Sudden sprouting of ISPs gives consumers a choice 

 
It's been a happy season for Indian Internetters. The last seven months has seen the market simply explode with options. From one single commercial internet access provider (IAP), today you have around a dozen all over the country. And many more are just itching to get going.

Announcements are being made that cable-delivered-internet access is going to be upon us very soon -- more precisely in a month's time if one is to believe government sources in Bangalore. Siticable says it is going to beat the rest of the cable operators in the business and be the first with internet access. How it will be able to offer a good enough service with its primitive infrastructure and high cost of cable modems and TV Internet devices, only its management knows.

There has been cheer for Internetters wannabes on another front: Computer prices have been falling. This has encouraged a spurt in the number of internet subscribers which has risen to close to 400,000 (or is it 450,000) as against below 200,000 hardly last year.The number of users in the country has well gone past the 1 million mark quite some time back thanks to cyber cafes and institutions, which give their employees internal e-mail.

On another front, you have had VSNL reacting to competition from private companies and flagging off 25-hour accounts. VSNL has also automatically upgraded all shell accounts to TCP/IP. (Quite a few shell account holders are cursing that they paid to upgrade to TCP/IP earlier. That too at a hefty price of Rs 10,000 for 500 hours as recently as last year. This writer surrendered some 83 hours of shell account time to the ISP. )

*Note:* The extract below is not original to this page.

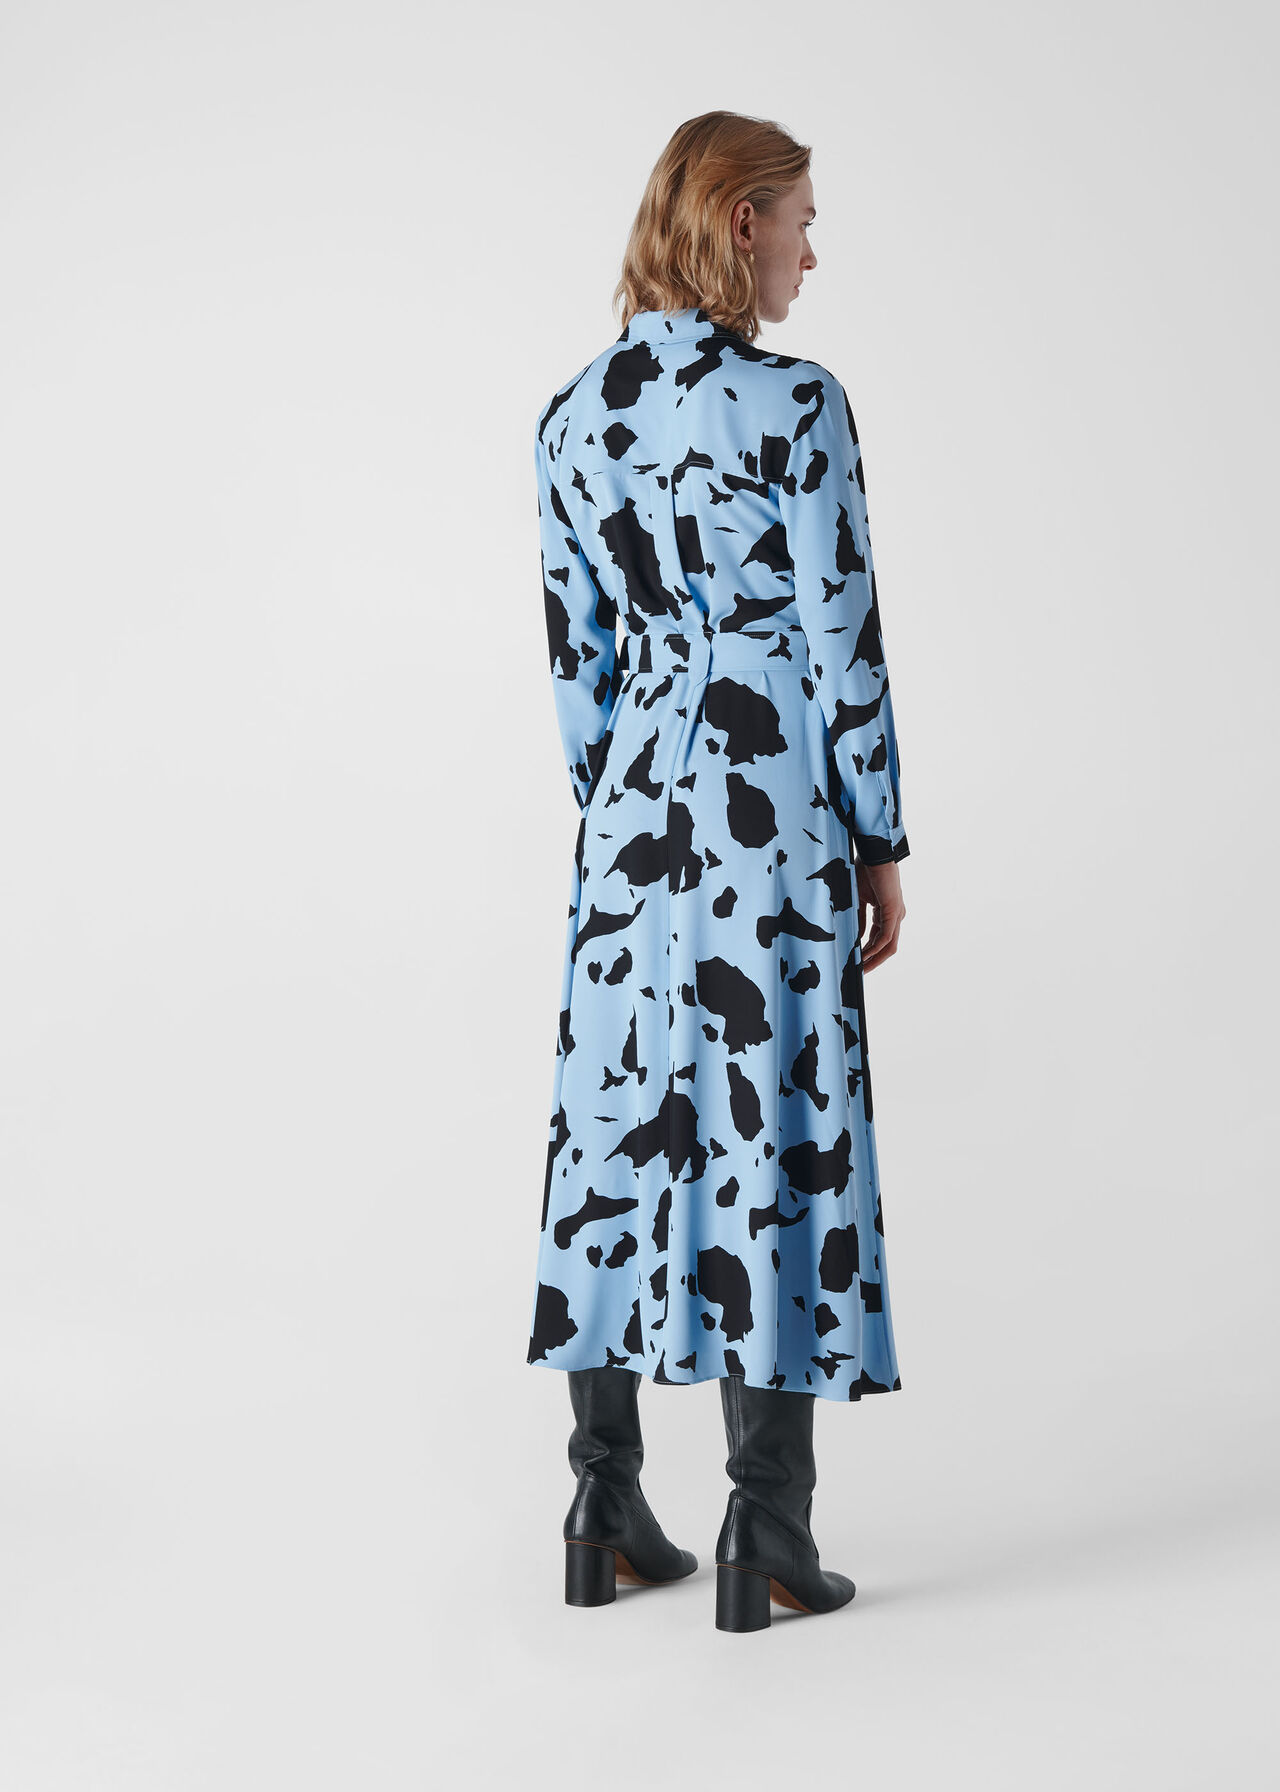 Cow Print Military Dress Blue/Multi

MTNL has announced that it will provide a telephone line free for new subscribers to its internet services, surely igniting the interest of those sitting on the internet fence, undecided whether they should take the leap into cyberspace or not. This move by MTNL will result in new subscribers saving Rs 3,000 in telephone line registration fees.

Internet buffs can also check their e-mail on mobile phones,apart from having their e-mails read out to them. Indian internet content has also started proliferating on the WWW though most of it is being hosted on servers situated in the US. Sadly, the quality of access service continues to be middling to poor to shoddy. This is one aspect that really needs sprucing up. Regulating service quality through ISP standards is obviously not the way to go, but something has to be done about this by the authorities. This writer stayed connected for hours and hours together on AOL in Paris and in New York, New Jersey. And mind you AOL's not the best of access service providers.

In India, disconnects are still frequent, dial-up access is difficult, leased lines are still too expensive excepting for the extremely deep pocket too afford.

Hopefully, by the time the next status report on the internet in India is written the access quality will rise to such standards so as to merit several decorative stars.

A farewell to Iridium?

A chapter in the chaotic history of themuch-toured but much stumbling Iridium project has ended with the resignation of its Indian chief Jaydev Raja. Raja resigned owing to personal reasons and he said that he would have put in his papers long ago had it not been for the fact that he saw in the Indian arm of the Iridium project quite a challenge.

Several professionals believe that Iridium will get a kick start without Raja. That will depend on who Iridium finds as a replacement.

Whatever be the case for Iridium to succeed in India, the company will have to take a stand to lower prices of handsets and also prices of calls. Otherwise instead of writing a farewell to Raja, industry writers will be penning an obit for the Iridium service in India.